How do I exclude/include specific packages using xsbt-proguard-plugin? - scala

I'm using xsbt-proguard-plugin, which is an SBT plugin for working with Proguard.
I'm trying to come up with a Proguard configuration for a Hive Deserializer I've written, which has the following dependencies:
// project/Dependencies.scala
val hadoop = "org.apache.hadoop" % "hadoop-core" % V.hadoop
val hive = "org.apache.hive" % "hive-common" % V.hive
val serde = "org.apache.hive" % "hive-serde" % V.hive
val httpClient = "org.apache.httpcomponents" % "httpclient" % V.http
val logging = "commons-logging" % "commons-logging" % V.logging
val specs2 = "org.specs2" %% "specs2" % V.specs2 % "test"
Plus an unmanaged dependency:
// lib/UserAgentUtils-1.6.jar
Because most of these are either for local unit testing or are available within a Hadoop/Hive environment anyway, I want my minified jarfile to only include:
The Java classes SnowPlowEventDeserializer.class and SnowPlowEventStruct.class
org.apache.httpcomponents.httpclient
commons-logging
lib/UserAgentUtils-1.6.jar
But I'm really struggling to get the syntax right. Should I start from a whitelist of classes I want to keep, or explicitly filter out the Hadoop/Hive/Serde/Specs2 libraries?

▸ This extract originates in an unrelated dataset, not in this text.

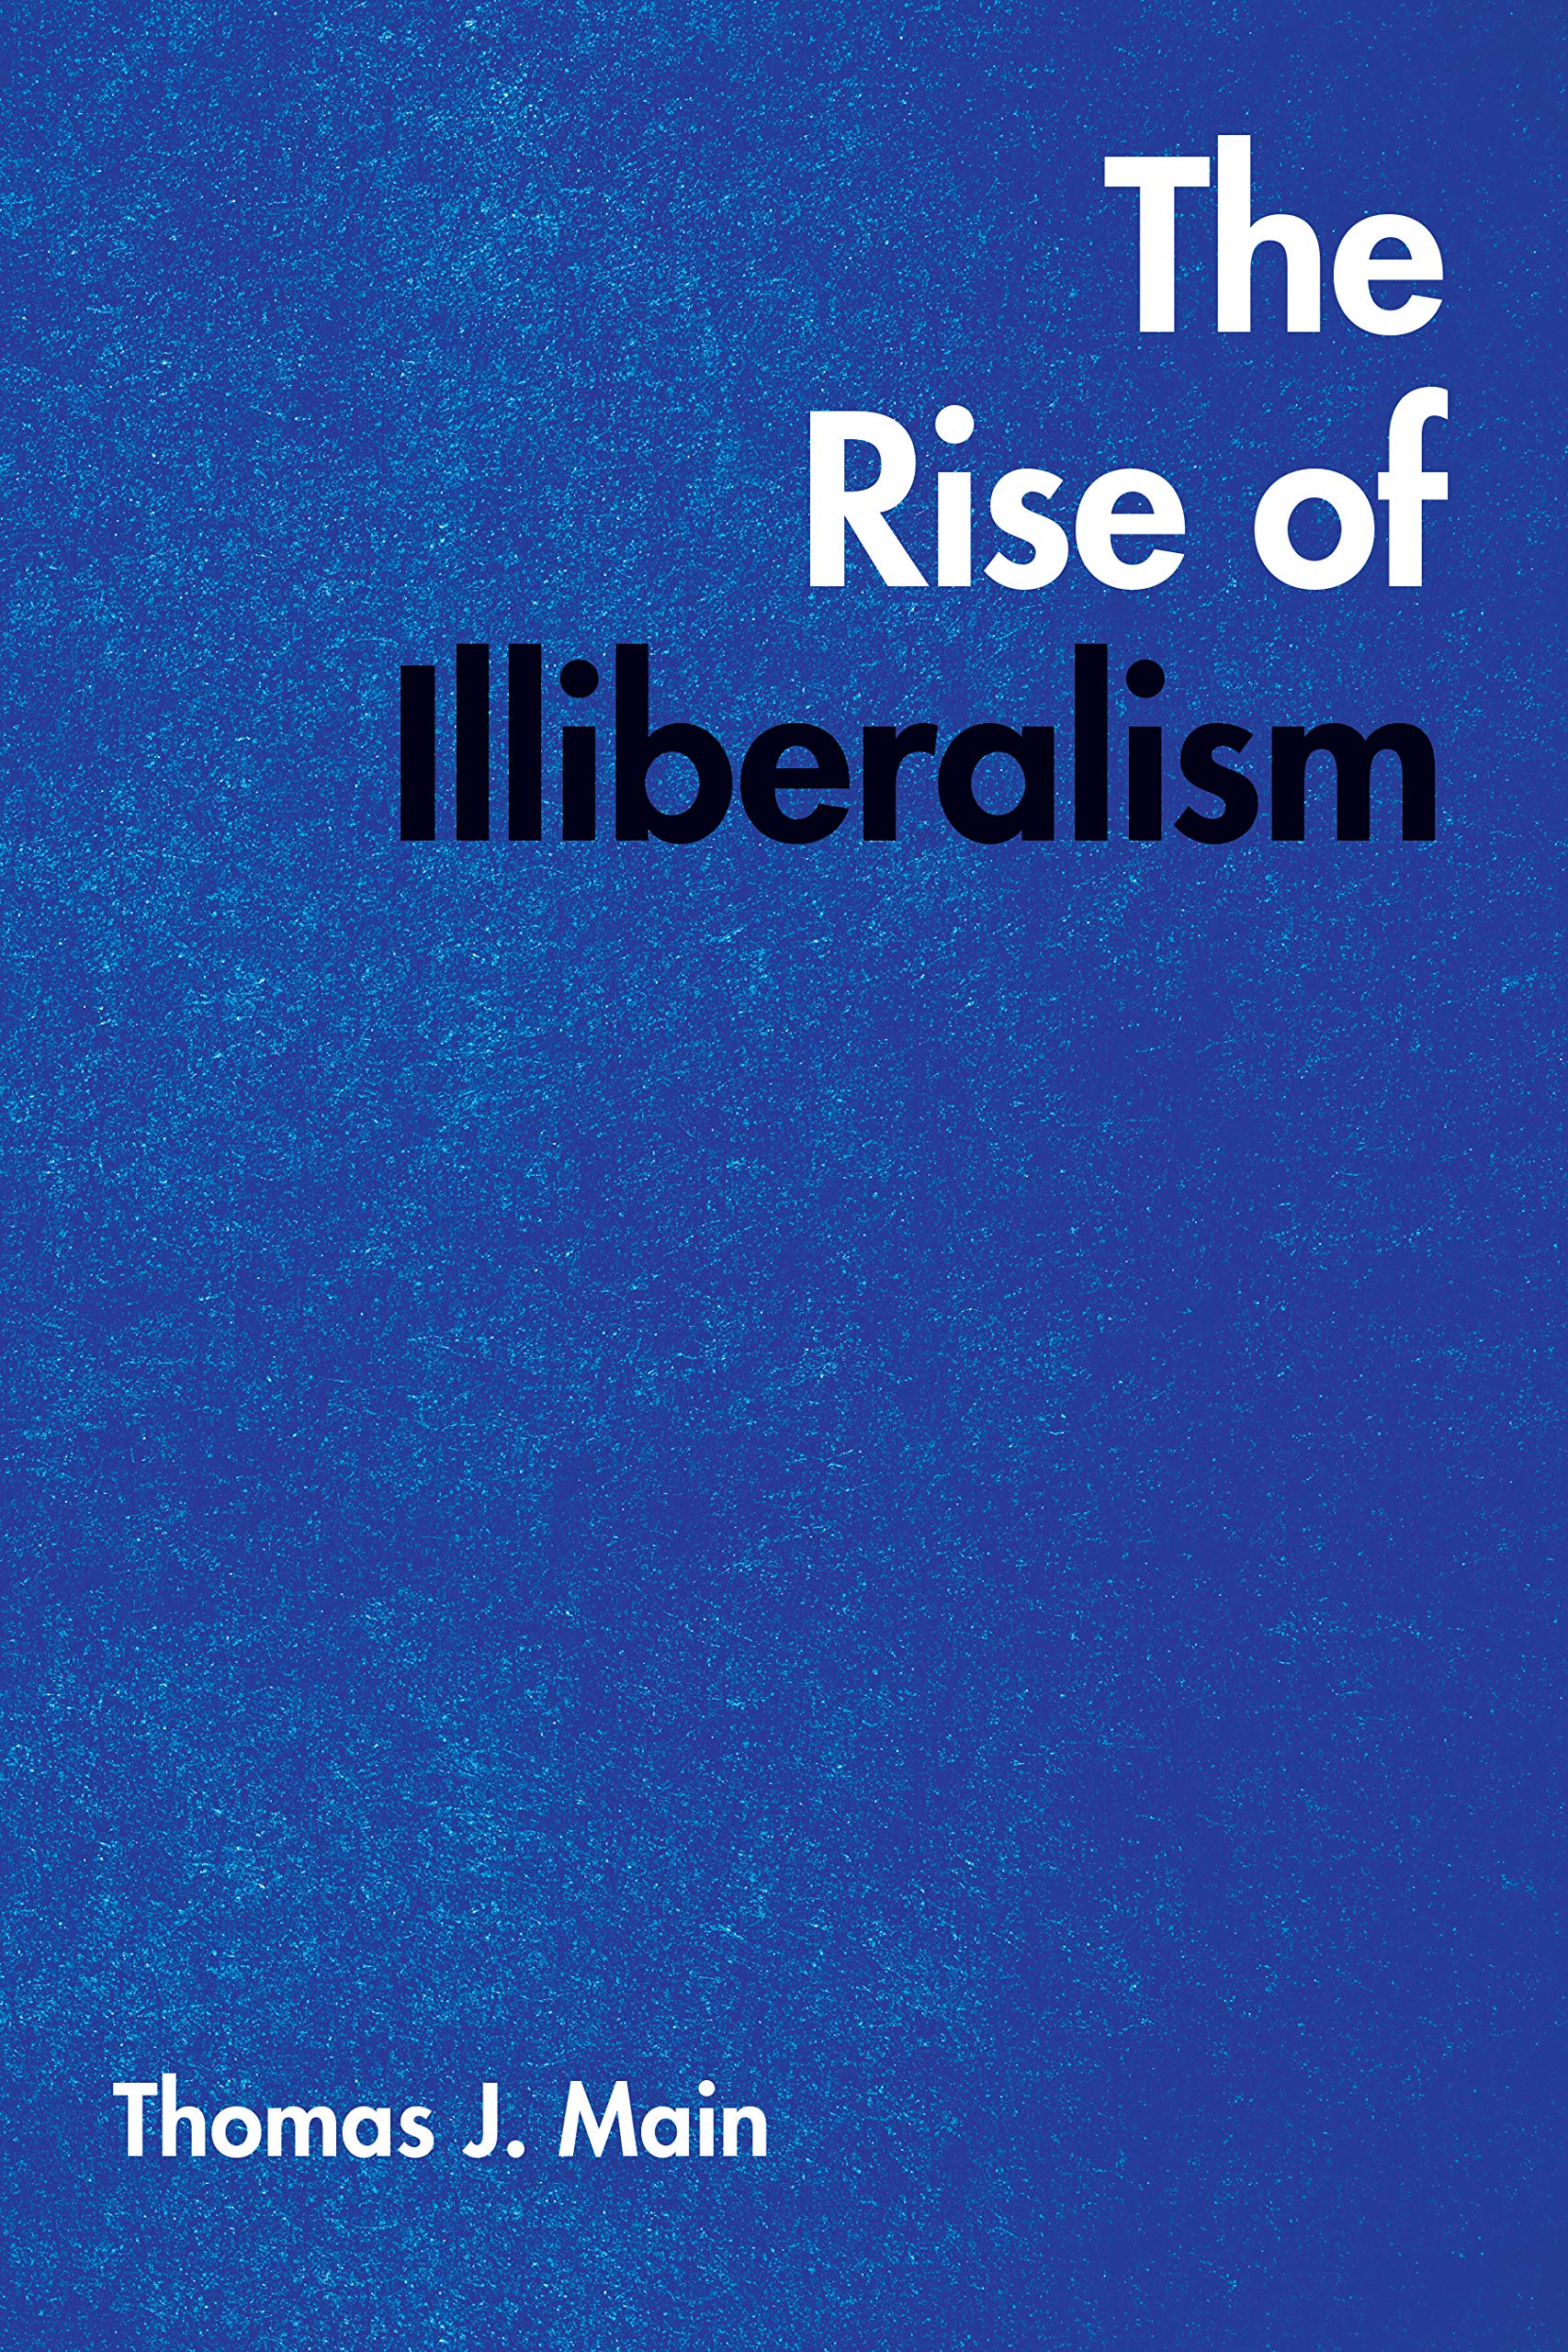 The Rise of Illiberalism | Thomas J. Main image0

I'm aware of this SO question but it doesn't seem to apply here.
If I initially try the whitelist approach:
// Should be equivalent to sbt> package
import ProguardPlugin._
lazy val proguard = proguardSettings ++ Seq(
proguardLibraryJars := Nil,
proguardOptions := Seq(
"-keepattributes *Annotation*,EnclosingMethod",
"-dontskipnonpubliclibraryclassmembers",
"-dontoptimize",
"-dontshrink",
"-keep class com.snowplowanalytics.snowplow.hadoop.hive.SnowPlowEventDeserializer",
"-keep class com.snowplowanalytics.snowplow.hadoop.hive.SnowPlowEventStruct"
)
)
Then I get a Hadoop processing error, so clearly Proguard is still trying to bundle Hadoop:
proguard: java.lang.IllegalArgumentException: Can't find common super class of [[Lorg/apache/hadoop/fs/FileStatus;] and [[Lorg/apache/hadoop/fs/s3/Block;]
Meanwhile if I try Proguard's filtering syntax to build up the blacklist of libraries I don't want to include:
import ProguardPlugin._
lazy val proguard = proguardSettings ++ Seq(
proguardLibraryJars := Nil,
proguardOptions := Seq(
"-keepattributes *Annotation*,EnclosingMethod",
"-dontskipnonpubliclibraryclassmembers",
"-dontoptimize",
"-dontshrink",
"-injars !*hadoop*.jar"
)
)
Then this doesn't seem to work either:
proguard: java.io.IOException: Can't read [/home/dev/snowplow-log-deserializers/!*hadoop*.jar] (No such file or directory)
Any help greatly appreciated!

The whitelist is the proper approach: ProGuard should get a complete context, so it can properly shake out classes, fields, and methods that are not needed.
The error "Can't find common super class" suggests that some library is still missing from the input. ProGuard probably warned about it, but the configuration appears to contain the option -ignorewarnings or -dontwarn (which should be avoided). You should add the library with -injars or -libraryjars.
If ProGuard then includes some classes that you weren't expecting in the output, you can get an explanation with "-whyareyoukeeping class somepackage.SomeUnexpectedClass".
Starting from a working configuration, you can still try to filter out classes or entire jars from the input. Filters are added to items in a class path though, not on their own, e.g. "-injars some.jar(!somepackage/**.class)" -- cfr. the manual. This can be useful if the input contains test classes that drag in other unwanted classes.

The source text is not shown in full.